Сейчас на русский язык переведена «Площадь», драма экспрессиониста Унру[268]. Я не знаю, как только переводчик умудрился перевести эту вещь! Если бы мне даже Центральный Комитет партии ее приказал перевести, я не мог бы, и не потому, что я не знаю немецкого языка — я его знаю неплохо и читаю свободно, — но тут нельзя понять, о чем идет речь. Автор нарочно ломает все фразы и перепутывает все. Ему, очевидно, кажется, что если будет понятно, то, значит, он неинтересный человек, а ему хочется, чтобы восклицали: вот сложность, вот пучина! Тогда Унру будет доволен.
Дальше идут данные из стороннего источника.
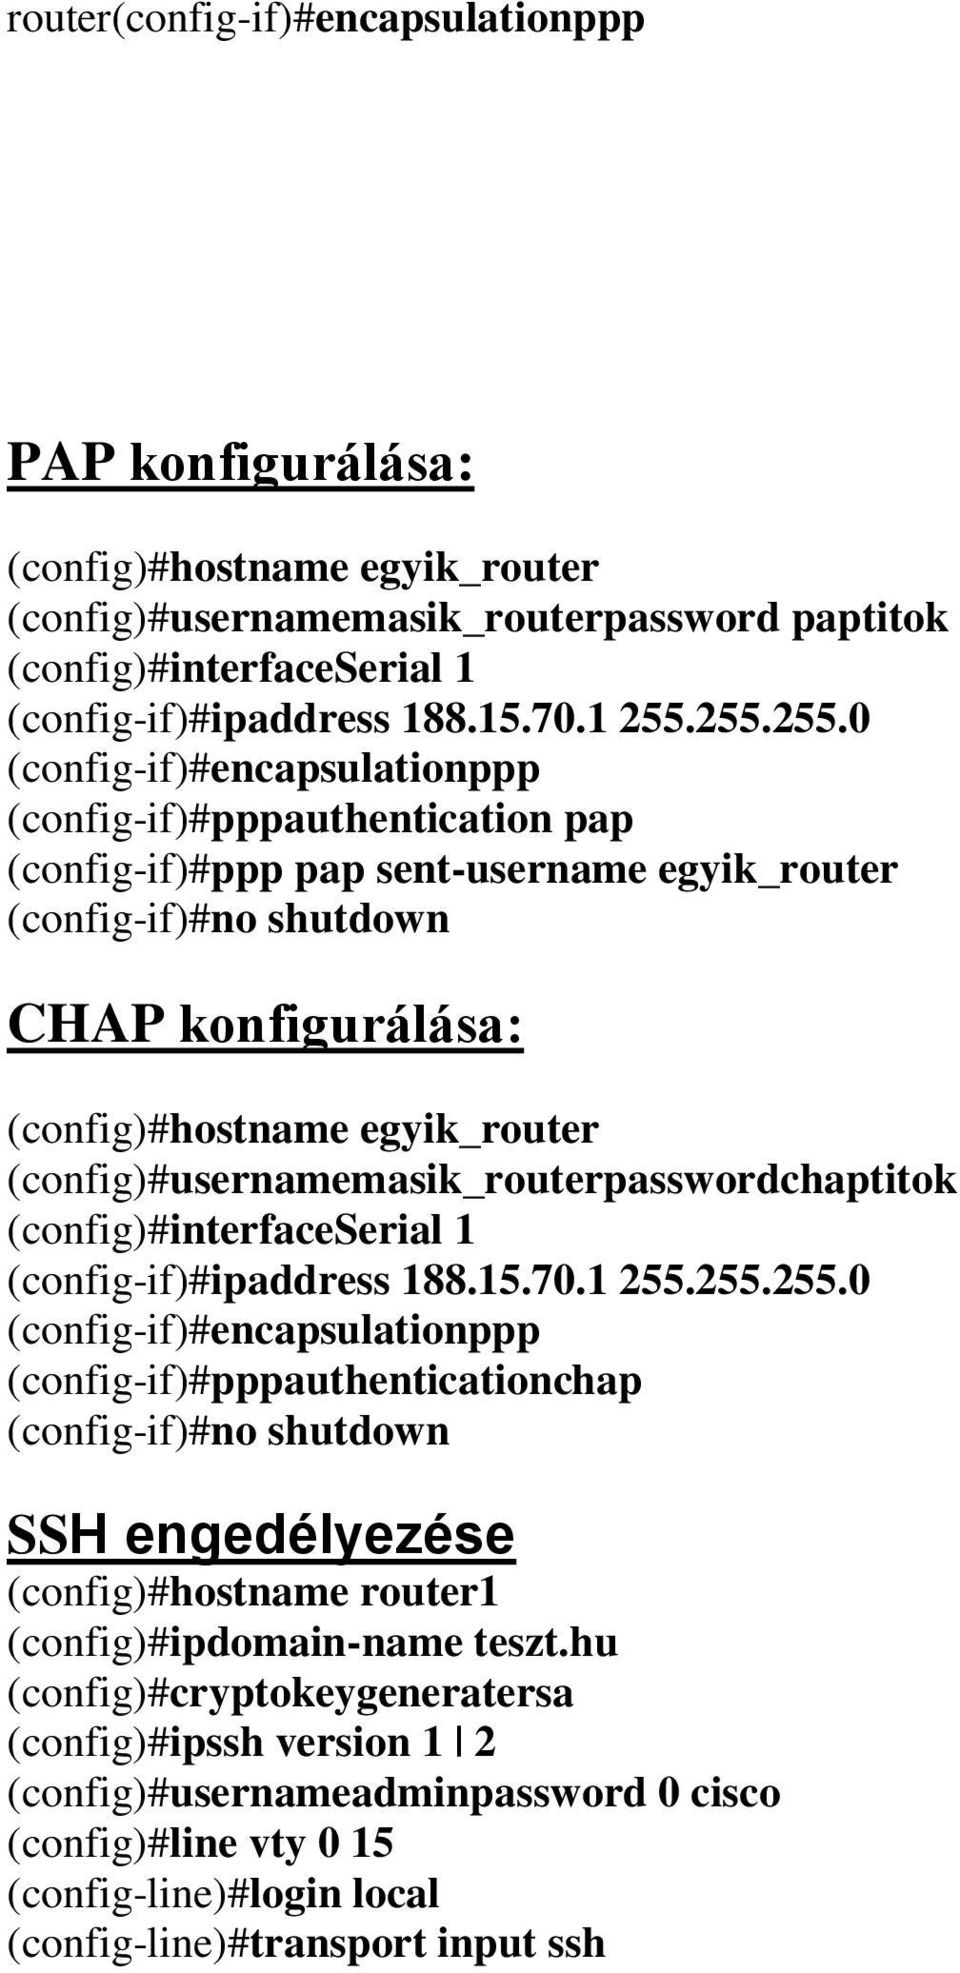 (config)#usernamemasik_routerpasswordchaptitok (config)#interfaceserial 1 (config-if)#ipaddress 188.15.70.1 255.

Экспрессионисты питаются тем же духом, что и анархисты; это бунтари без твердой теории, не признающие классовой, дисциплинированной организации, индивидуальные застрельщики, анархоиндивидуалисты. Поэтому, хотя они и настроены противобуржуазно и могут быть нашими союзниками, но мы прекрасно знаем, что они очень легко срываются в разные буржуазные фантазии. Тем не менее мы должны прямо сказать, что экспрессионизм показывает известный поворот интеллигенции к пролетариату. Правда, почти все экспрессионисты брыкаются против этого: «Ты, пролетариат, где уж тебе, что ты можешь тут сделать! Ты приносишь большую революцию, это хорошо, и мы готовы с тобой работать, но ты ведь думаешь потом создать порядок! Какой порядок? Мещанский! Ты все прилижешь, все на место поставишь и заживешь жизнью дозвольства себе в утеху! Нам с тобой не по пути. Нет у тебя полета; ты требуешь дисциплины, организации, а я человек недисциплинированный, и я, как Счастливцев, в твоем счастливом хлеву буду бегать и искать, на каком крюке повеситься». Им, отравленным буржуазной пошлостью, никакой другой порядок не представляется возможным.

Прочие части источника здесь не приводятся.